Suppose we have a graph showing the energy consumption on a day of "n" number of meters. Each point is separated from each other by a period of 15 minutes. If data is missing in the container, where I have the data of the energy consumed by each of the meters, how do you see the data graphed?
- Option 1: Is there a break in the plotted line?
- Option 2: Connect with a straight line between the point before the cut and the point after the cut?
- Option 3: Connect the line with value 0?
I make a modest drawing so that my doubt is better understood.
I understand that it can be given in some other way, and that this could vary according to how the DataSet is defined, but any more precise information about it is appreciated.
According to the contribution of the user abulafia who responded to the post in the form of a comment, I express his opinion in response format to close the topic.

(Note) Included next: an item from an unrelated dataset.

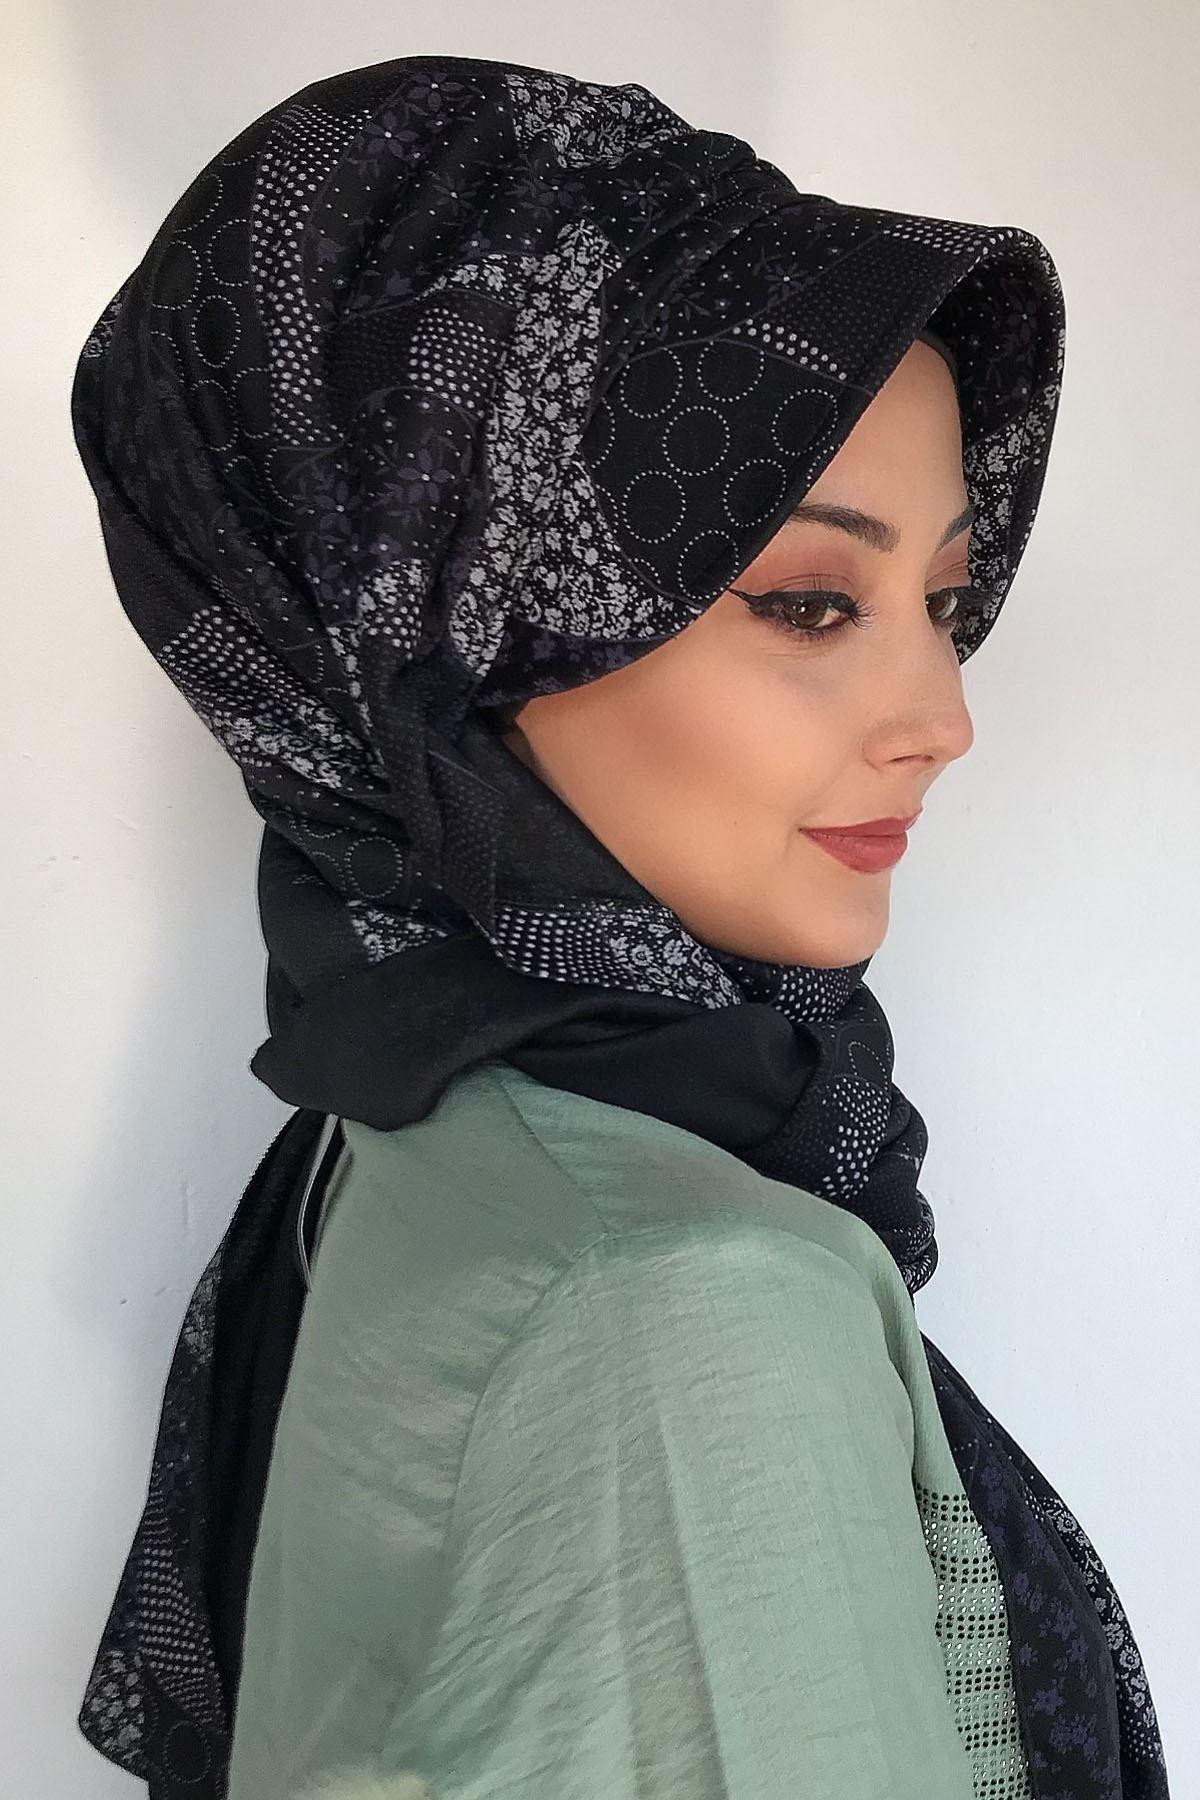 Siyah Renkli Küçük Geometrik Desenli Şapka Şal

Depends on what you mean by "missing data". Suppose that a sample is taken every second, and that the X-axis is labeled by the instant of the samples. And that in certain samples the data is NaN (but the sample exists). In that case you would have the first graph. If in certain samples the data is 0 obviously you would have the third. Also if you do a fillna() (which replaces the NaNs with zeroes) in the first case. If there is a "jump" in the index itself, for example after instant 100 it goes to 150, and the 50 intermediate ones are not there, you would have the middle graph.
If you want to avoid the middle plot you can "resample" the data using pandas. In this way Pandas creates a "continuous" index in which there is no missing data, adding whatever there is in the period, or putting NaN if there is none in the period. So you could get the first graph (or the last if you do .fillna())